Chancellor Jeremy Hunt has celebrated his Spring Statement as a ‘growth’ budget. So what does it mean?

Chancellor Jeremy Hunt has delivered his Spring Statement laying out plans for the country, the first full budget since Liz Truss’s disastrous mini-budget which tanked the economy in late 2022.

Hunt called it “a chance to deliver stability”, providing support for families facing the cost of living crisis, bringing down inflation and providing a pathway for growth.

Labour leader Keir Starmer called it a budget “for managed decline” leaving the UK as “the sick man of Europe”, with empty supermarket shelves and enormous healthcare waiting lists after 13 years of Conservative rule.

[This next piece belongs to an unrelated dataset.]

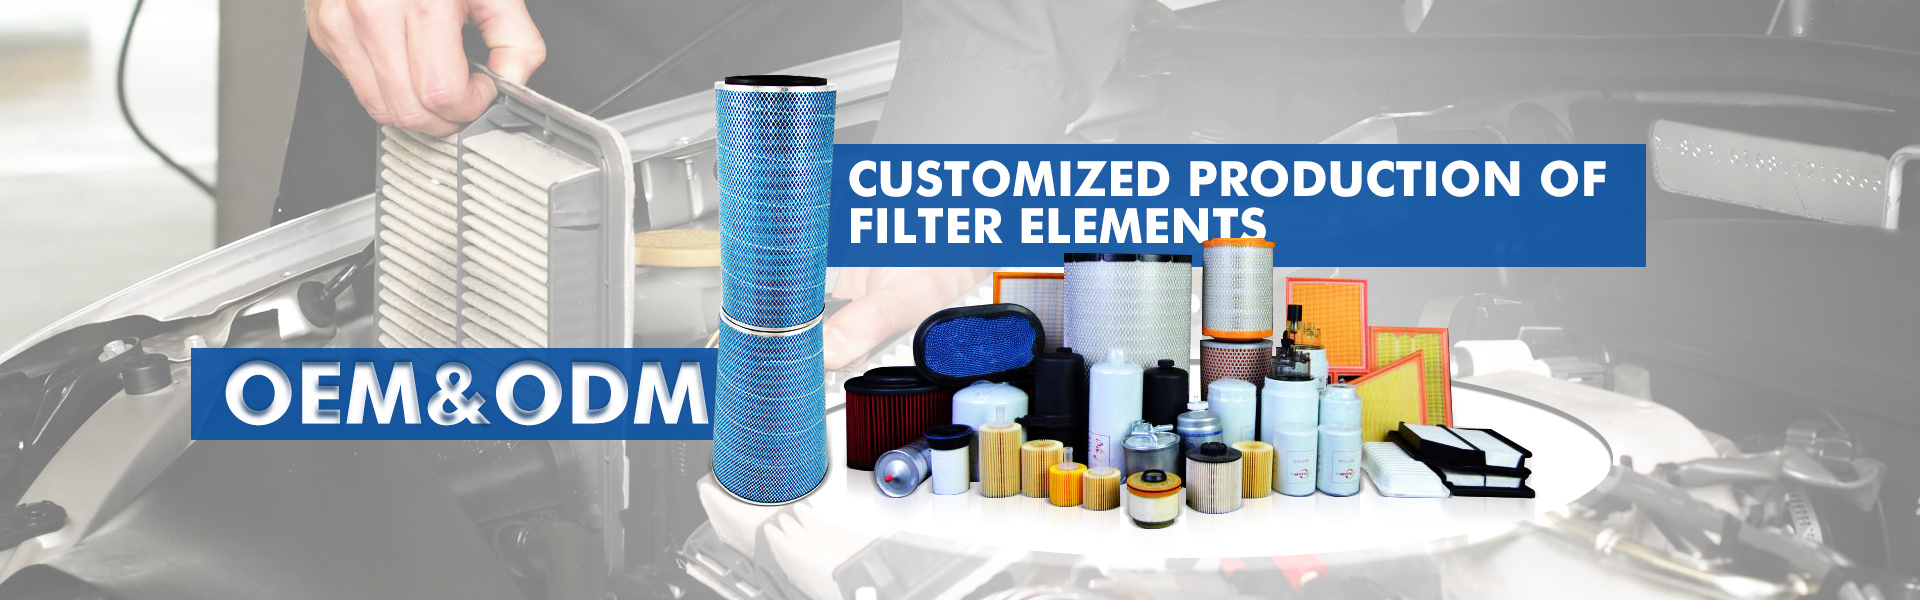 I-CABIN AIR FILTER PRODUCTION SOLUTION

So what does it mean for you? And is it really the answer to all our financial ills? We’ve broken answered the questions to explain exactly what will change and how your life might be affected, from your bank balance to work life, housing and the environment.

What will the Spring Budget mean for your bank balance?

What did Jeremy Hunt say about the energy price guarantee?

Jeremy Hunt confirmed he is delaying the increase in the energy price guarantee for the next three months – so average household bills will stay at around £2,500 a year, rather than increasing to £3,000 as planned. 

The drop in wholesale gas and electricity prices has made this possible. Through the guarantee, the government essentially makes up the difference between what households are paying and the cost of buying energy from wholesale markets.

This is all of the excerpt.